Bu defa Hz. Mevlânâ’nın hocası Seyyid Burhaneddin Muhakkık-ı Tirmizî’yi konu edinen bir sempozyum söz konusu. Fikir Erciyes Üniversitesi İlâhiyat Fakültesi’nden çıkmış. TÜRKKAD İstanbul şubesi destek vermiş. Sponsorluğunu da Kayseri Büyük Şehir Belediyesi üstlenmiş. Maddi-manevi katkısı olan herkesten Allah Razı olsun.

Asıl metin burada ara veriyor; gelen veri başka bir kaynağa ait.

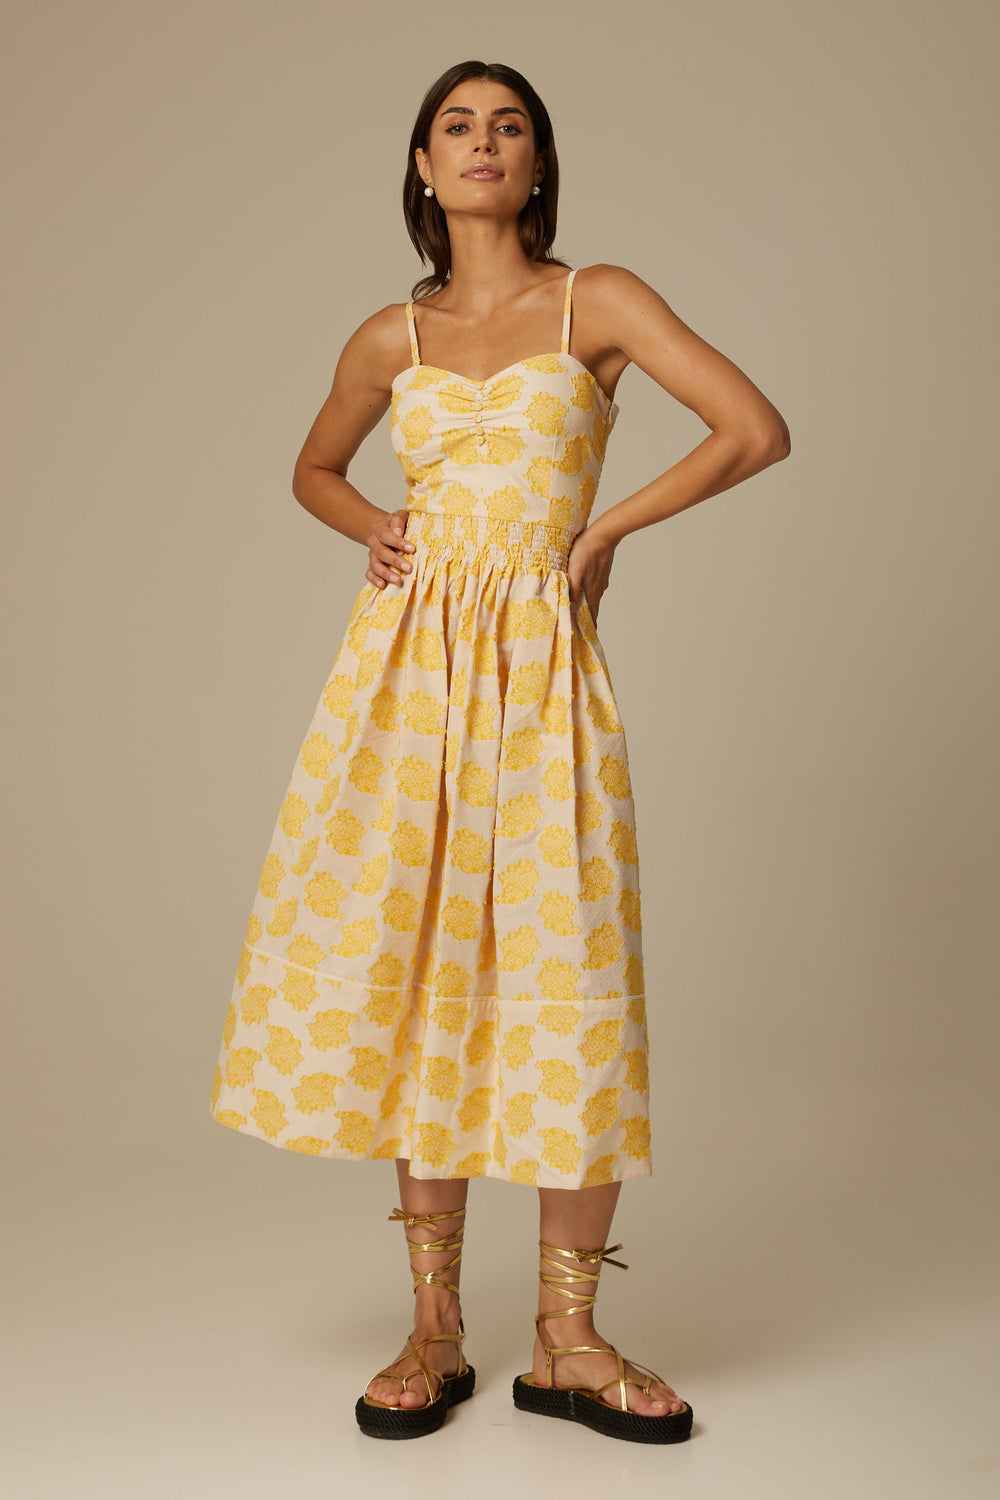 MIRIA STRAPPY COTTON DRESS IN YELLOW FLORAL

Sempozyum 30 Eylül – 2 Ekim 2011 tarihleri arasında Kayseri’de yapıldı. Seyyid Burhaneddin’in, Mevlânâ’nın eğitimindeki yeri ve seyr ü sülûk anlayışına tesiri; ikisi arasında sözde ve mânâda birlik, Kübrevilik- Mevlevilik ilişkisi, Mevlevi büyüklerinin “Maârif” adlı kitaplarının karşılaştırılması, Seyyid Burhaneddin’le ilgili menakıbnameler, Seyyid Sırdan bibliyografyası ve onun insan-ı kâmil anlayışı gibi konularla ilgili tebliğler sunuldu; yer yer verimli müzakereler oldu.

Kayseri maddi-manevi zenginlikleriyle yurdumuzun önde gelen şehirlerindendir. Seyyid Burhaneddin’in türbesini de sînesinde bulundurmaktadır.

Bundan yirmi yıl kadar evvel yine bir sempozyum vesilesiyle Kayseri’ye gitmiştim. O zaman Seyyid Burhaneddin’in türbesini ziyaret ettiğimde biraz hüzünlenmiştim. Türbeye eğri büğrü yollardan toz toprak içinde ulaştığımı hatırlıyorum. Etrafı bakımsızdı, galiba derme çatma binalar veya bakımsız topraklar arasından geçiliyordu. O bakımdan Hazretin makamını ziyaret sırasında bir ruhaniyet bulamadığımı için hayal kırıklığı yaşamıştım.

Bu defa ferah-fahur caddelerden geçerek geniş bir meydanın sonunda, tarih ve maneviyet kokan bir türbeyle karşılaştım. Çevre düzenlemesi olabileceğin en güzel biçimiyle yapılmış. İnsana huzur ve ferahlık veren rûhânî-mânevî dokuyu bütün sıcaklığıyla hissettiren bir görünüm kazandırılmış.

Bunlar ve bire yüzük taşı gibi meydana çıkarılan başka tarihî eserler dolayısıyla Başkan Mehmet Özhaseki’ye şükran borçluyuz. Üç dönemdir Büyük Şehir Belediye Başkanı olan, tarih şuuru ve maneviyat sevgisiyle dolu gördüğüm bu güzel insana yeni hizmetlerinde başarılar diliyorum.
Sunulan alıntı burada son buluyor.